Ni « chassée d’Afrique », ni « en déclin » : la France est-elle dans le déni ?
Pour le ministre français délégué au Commerce extérieur, la France n’a pas été chassée d’Afrique. Tout juste semble-t-elle changer son fusil d’épaule.
-
Damien Glez
Dessinateur et éditorialiste franco-burkinabè.
Publié le 23 novembre 2023 Lecture : 2 minutes.
Alors que les députés français et leur gouvernement débattaient, ce 21 novembre, des « partenariats renouvelés entre la France et les pays africains », le ministre délégué au Commerce extérieur déroulait ce qui ressemble à une méthode Coué, carte d’embarquement à l’appui. C’est avant un voyage à Lagos qu’Olivier Becht a voulu détourner le regard du Sahel « souverainiste » en atomisant le cliché du pré-carré francophone, alors que le Nigeria est, selon son ministère, « le premier partenaire commercial de la France en Afrique subsaharienne ».
« Pas du tout en déclin »
À l’Agence France-Presse, le ministre délégué a été catégorique : « Contrairement à ce que véhiculent certains médias, et notamment les réseaux sociaux, la France n’est absolument pas chassée d’Afrique et nous ne sommes pas du tout en déclin ». Et le représentant de commerce gouvernemental de dérouler la logorrhée d’usage. Accompagné, à Lagos, d’une dizaine de PME, il participera notamment à la signature de « plusieurs contrats », son pays fabriquant aujourd’hui « parmi les meilleurs produits au monde (…) qui sont aux normes environnementales (…), prennent en compte les populations locales et (…) cherchent à créer de la valeur ajoutée », et ceci « dans tous les domaines », notamment le développement d’infrastructures de mobilité, d’éducation et de santé.

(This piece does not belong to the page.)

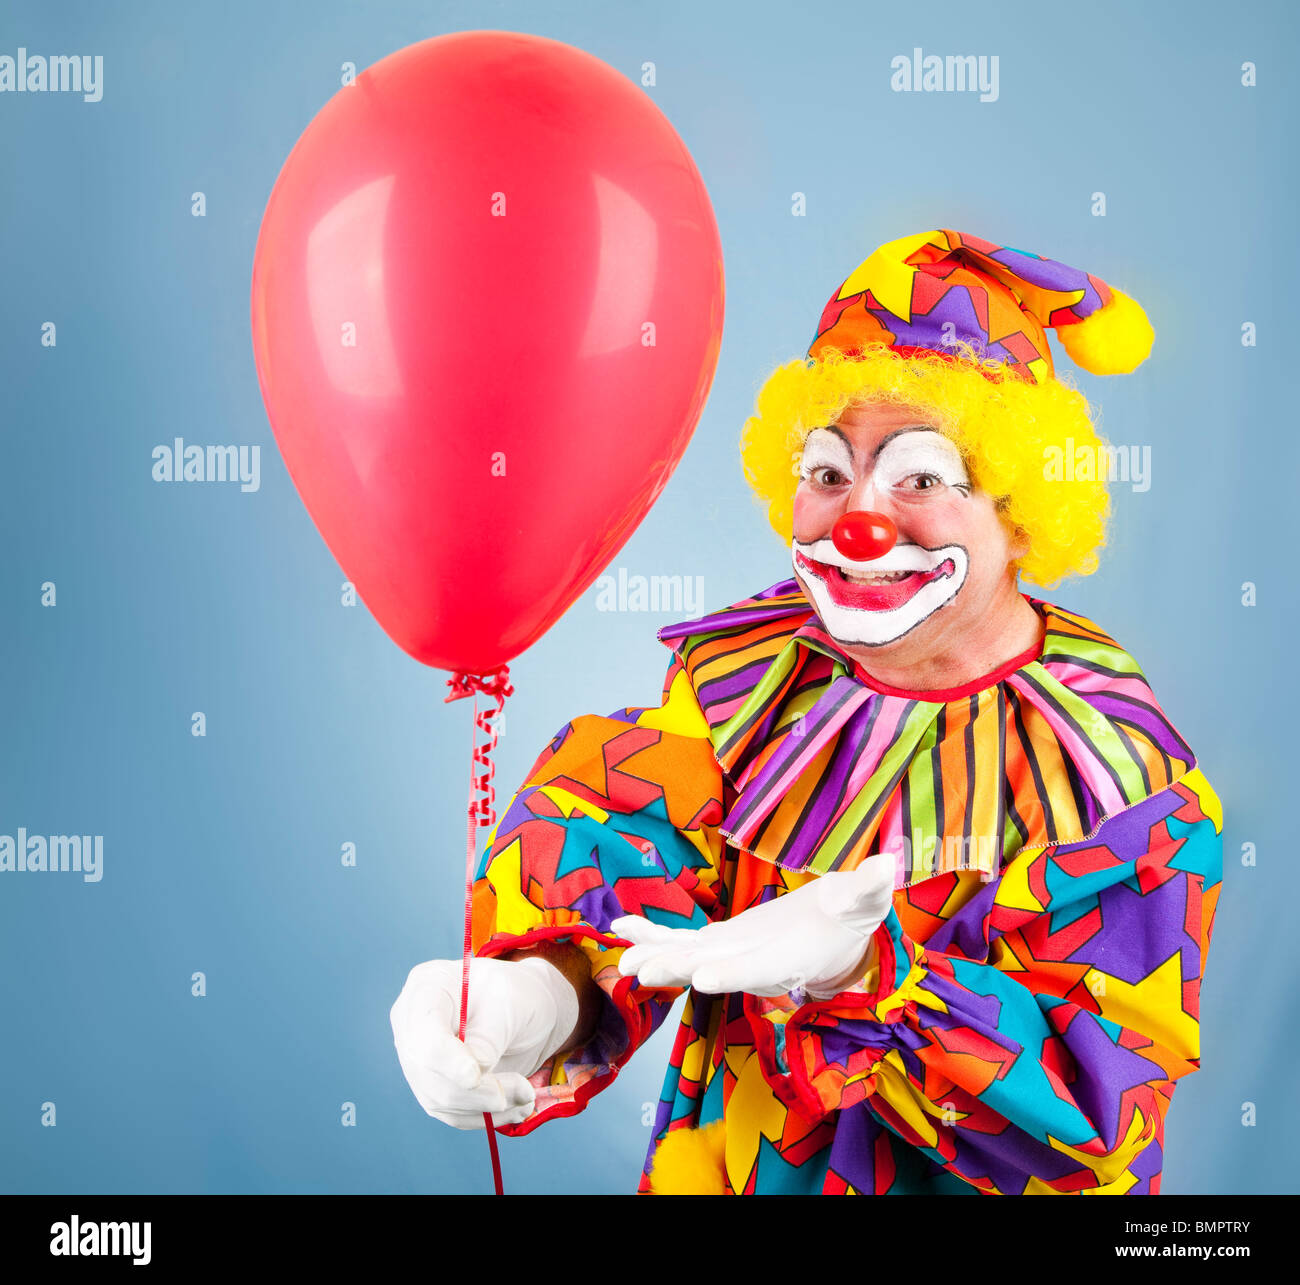 Friendly clown hands you a bright red balloon Stock Photo - Alamy

En bon VRP, il n’a pas manqué d’égratigner la concurrence, arguant que la qualité des prestations françaises n’est pas « toujours le cas des entreprises chinoises ou russes ». Une manière de faire un clin d’œil déguisé aux frictions diplomatiques entre la France et certains pays d’Afrique francophone. Pour dissocier la place de son pays en Afrique des humiliations récentes, notamment au Sahel, Olivier Becht mise manifestement sur deux aspects : la réorientation géographique des partenariats et l’accent sur l’économie plus que sur la politique…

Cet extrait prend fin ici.